The Data Warrior

Changing the world, one data model at a time. How can I help you?

Archive for the tag “Data Warehouse”

Data Vault Informatica Class is Live!

Just a quick note to let you all know that Dan has finally released the class on how to easily implement a Data Vault using Informatica.

I wrote about the class here.

I have gone through a few of the lessons already and can tell you the instruction is very clear and easy to follow (even for me!) and the audio and video is excellent. The audio seems to come on a bit load so just be sure you have your volume turned down a bit when you start the videos.

And there is a money back guarantee if for some reason you decide the class is not for you.

If you did not get on Dan’s early notice list you can still sign up by going directly here: http://learndatavault.com/kentdvi

And, since you are a reader of my blog, if you sign up in the next few weeks and enter the coupon code DATAWARRIOR13, you can get $100 off !

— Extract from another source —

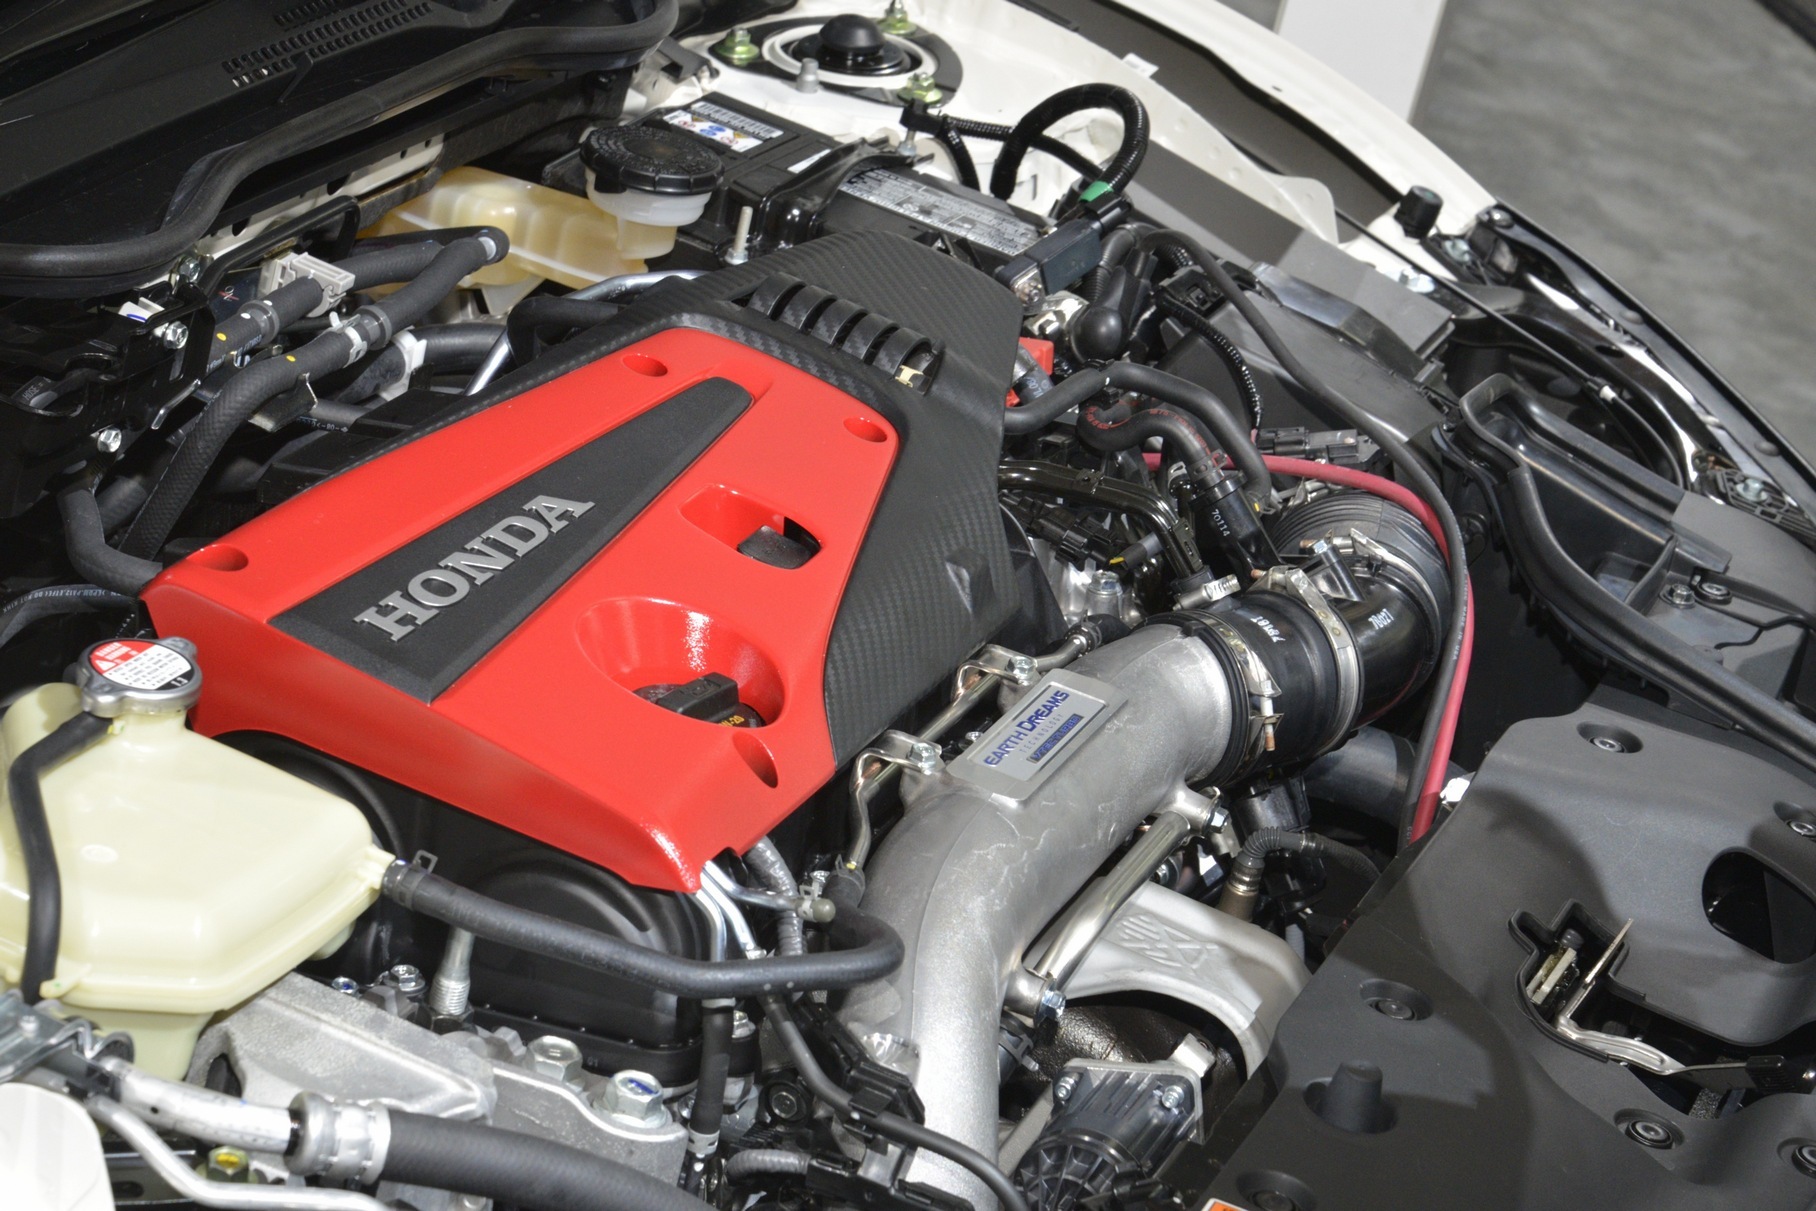 Двухлитровый турбомотор Honda K20C1 развивает от 310 до 330 лошадиных сил в зависимости от исполнения. Самую мощную версию получил [новый Civic Type-R](https://motor.ru/news/newtyper-21-07-2022.htm), премьера которого состоялась в минувшем июле.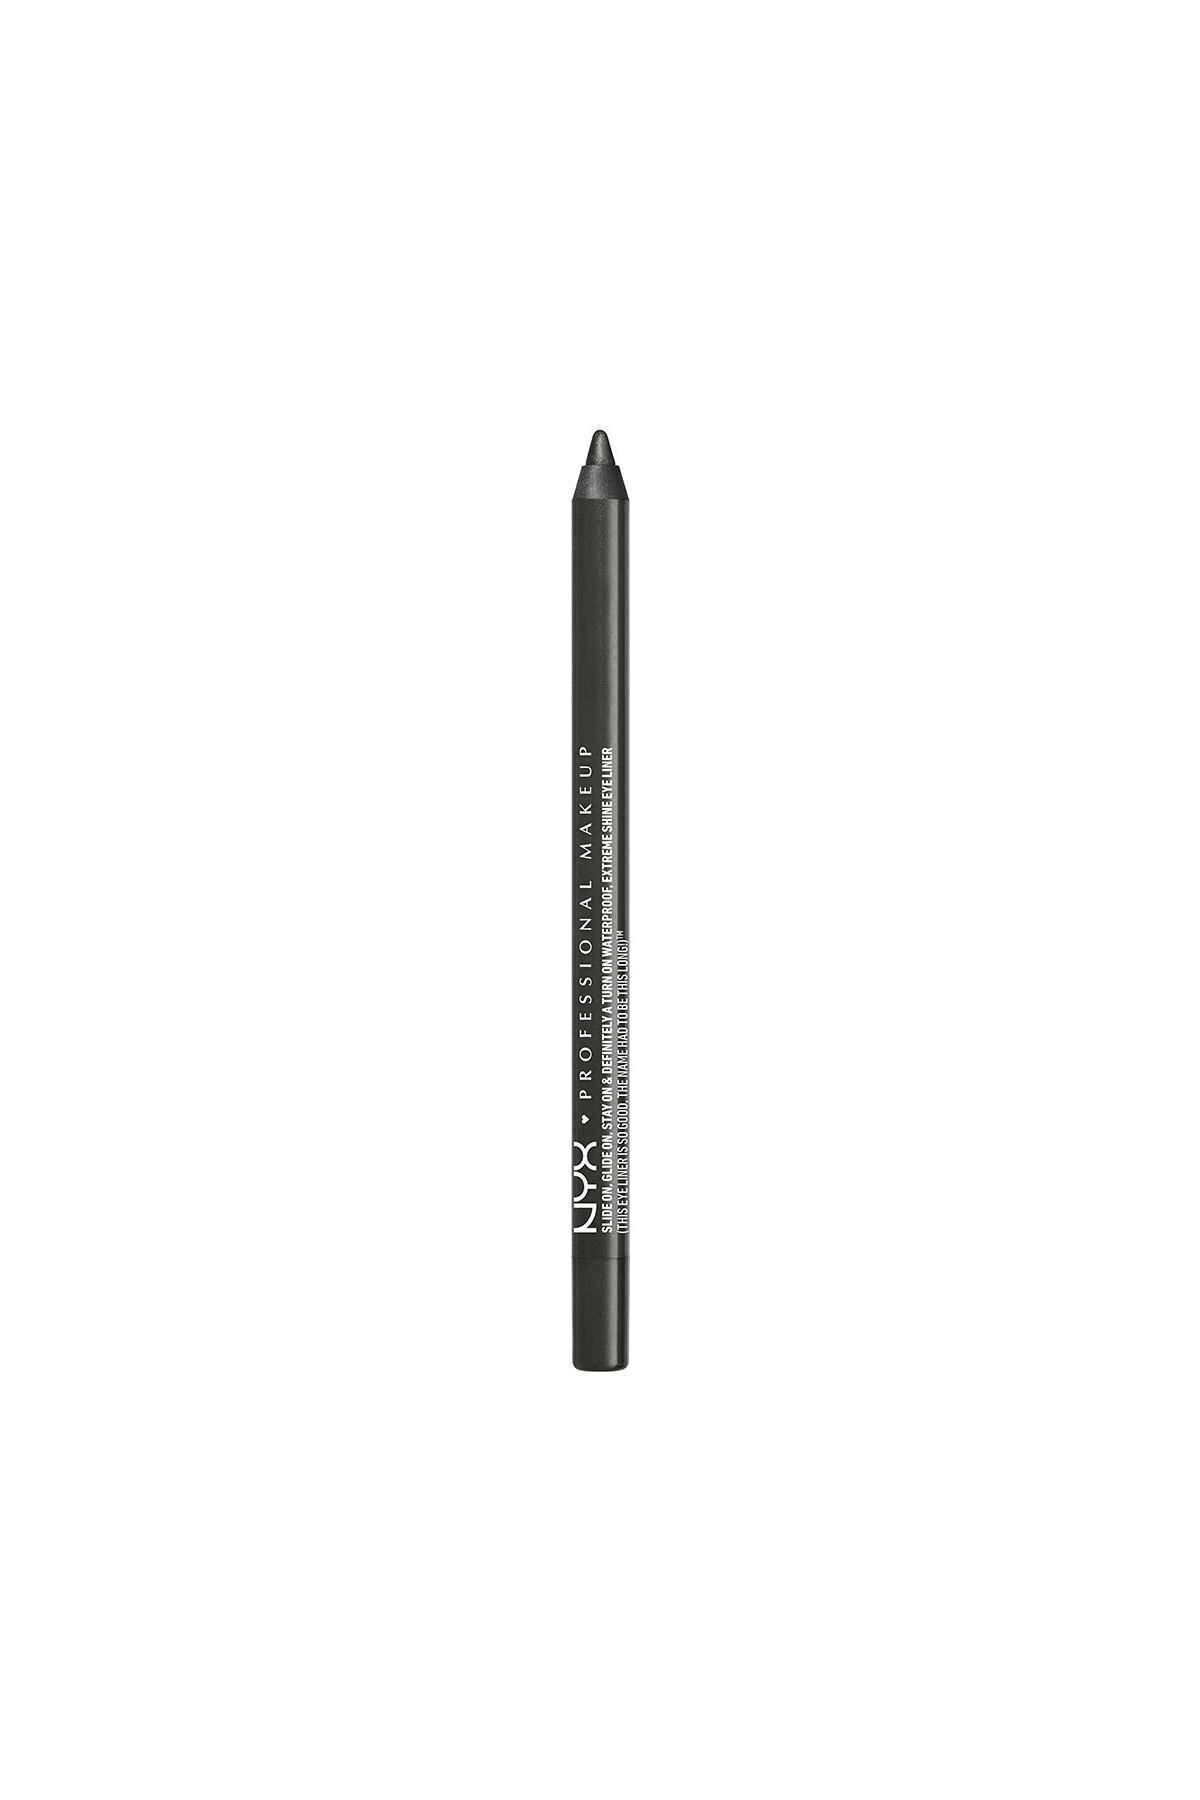 NYX Professional Makeup Gri Göz Kalemi - Slide on Eye Pencil Gun Metal 6 g 800897141264

So if you use Informatica and plan to do a Data Vault, you owe it to yourself to take a look at this course.

Take care.

Kent

Data Vault and the Oracle Reference Architecture

Thanks to Mark Rittman and Twitter, I found out just before RMOUG that Oracle had published a new reference architecture.  It used to be called the Data Warehouse Reference Architecture, now it is called the Information Management Reference Architecture.

Oracle Information Management Ref Architecture

Oracle updated the architecture to allow for unstructured and big data to fit into the picture.

In my talks about Data Vault over the last few years I have been referring to the Foundation Layer of the architecture as the place where Data Vault fits. The new version of the architecture actual fits the definition of the Data Vault even better.

Now the Foundation Layer is defined as “Immutable Enterprise Data with Full History”.

If that is not the definition of Data Vault, I don’t know what is!

Immutable – does not change. Data Vault is insert only, no update – ever.

Enterprise Data – well duh! That pretty well fits any real data warehouse architecture. The model covers an enterprise view of the data not just a departmental views (like a data mart).

Full History – tracks data changes over time. That is one of the keys to the data Vault approach. We track all the data change history in Satellites so we can always refer to a view of the data at any point in time  That allows us to build (or re-build) dependent data marts whenever we need or whenever the business changes the rules.

So it is possible to do a Data Vault approach and be compliant with Oracle’s reference architecture.

Guess Dan was just a bit ahead of the game…

Later

Kent

How to Use Informatica to Build a Data Vault

Yes, its true – you will soon be able to get online training on how to build a Data Vault data warehouse using Informatica.

Dan Linstedt has been working hard for several months now to put together some top notch training for all you who use Informatica.

Dan will teach you all his best practices for getting the job done quickly using Informatica for your ETL tool.

If you want in, it’s not too late to get on the VIP early notification (which entitle you some discounts). Get in on the list here.

Here are a few common questions that Dan recently answered:

Q. What are the pre-requisties?
A. You must know Informatica PowerCenter and Data Vault modeling basics. The training works with Informatica PowerCenter v8.x and v9.x, but the mappings will only import to version 9.x or higher.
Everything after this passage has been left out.